What the exercise asks: Begin at the line containing "AutoArt Nissan Skyline" in the records below, end at the line containing "21c0c757 Stone Island", and retype each line in that span exactly. No other line and no image should appear.

Dataset extract:

-----

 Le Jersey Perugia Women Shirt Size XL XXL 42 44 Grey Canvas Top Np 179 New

-----

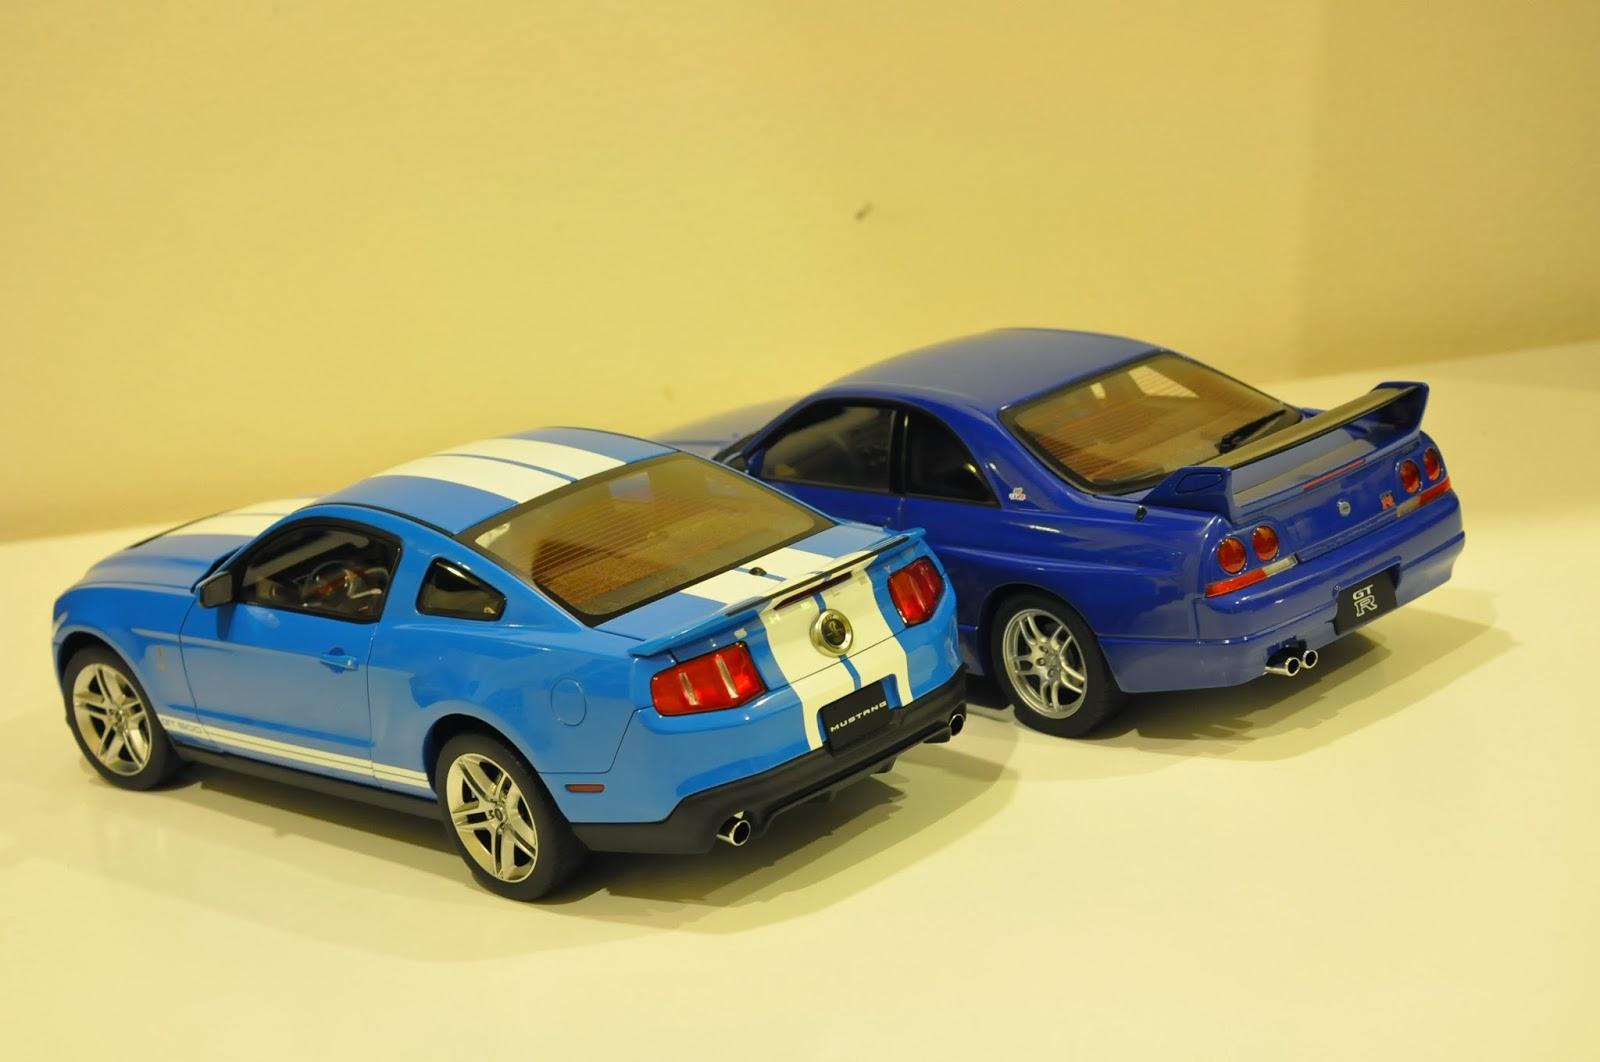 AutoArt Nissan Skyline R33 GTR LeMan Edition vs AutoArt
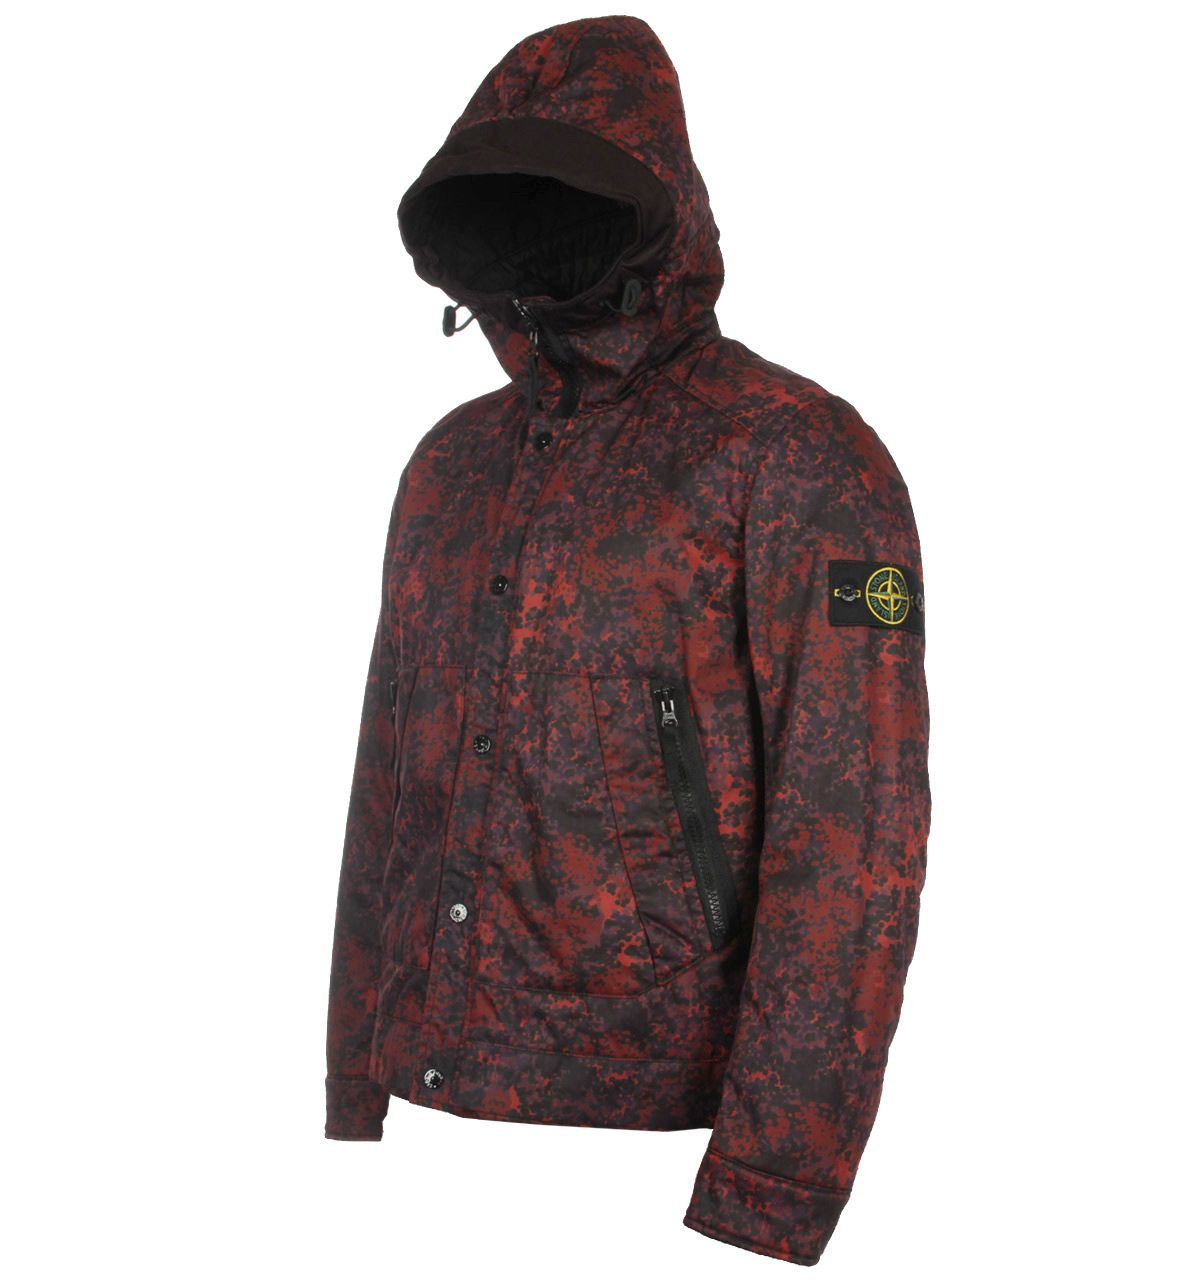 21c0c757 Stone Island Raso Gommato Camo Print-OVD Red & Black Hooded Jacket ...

-----

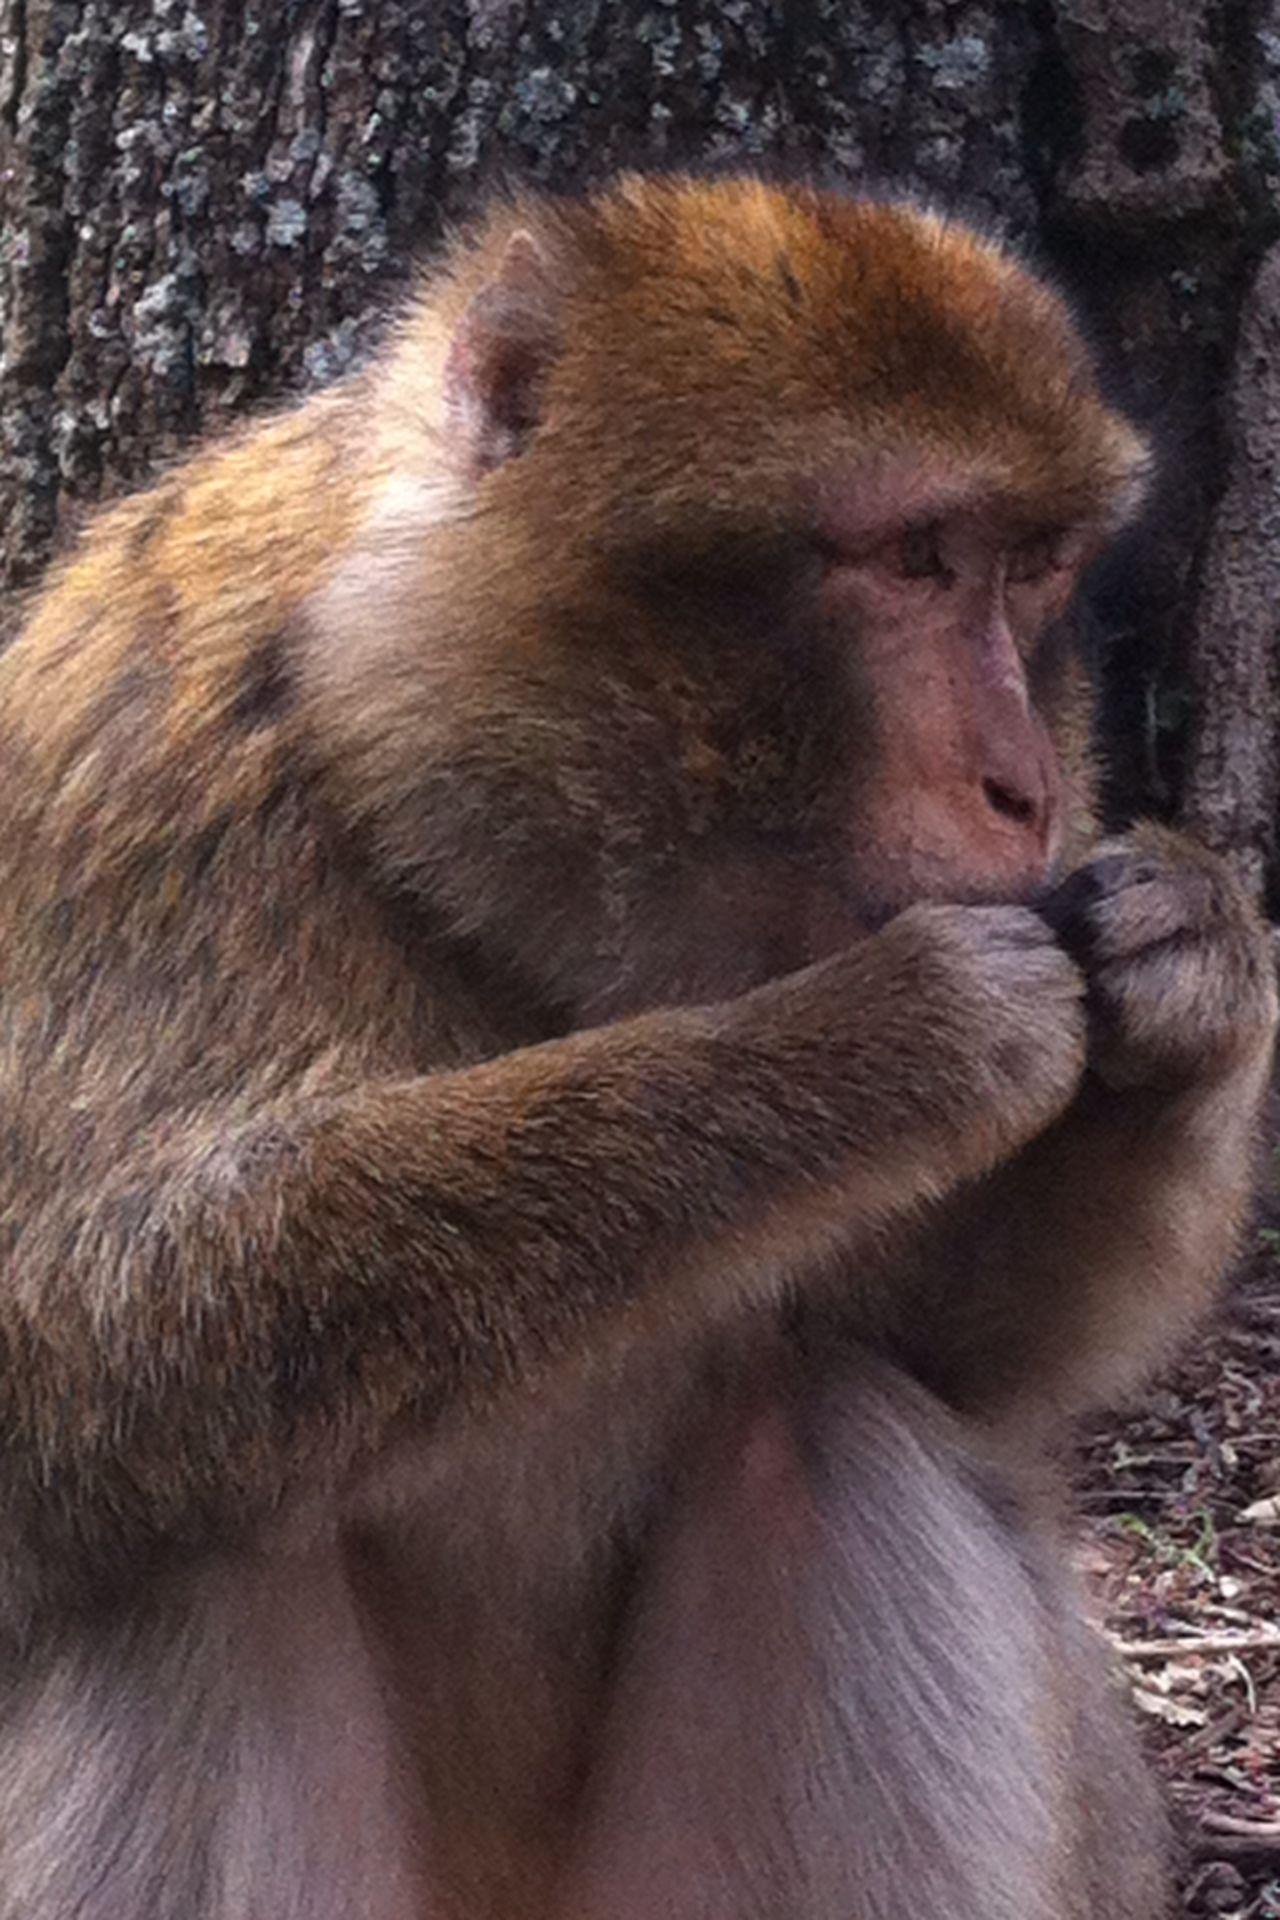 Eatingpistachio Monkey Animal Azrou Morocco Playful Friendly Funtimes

-----

Reply:
 AutoArt Nissan Skyline R33 GTR LeMan Edition vs AutoArt
 21c0c757 Stone Island Raso Gommato Camo Print-OVD Red & Black Hooded Jacket ...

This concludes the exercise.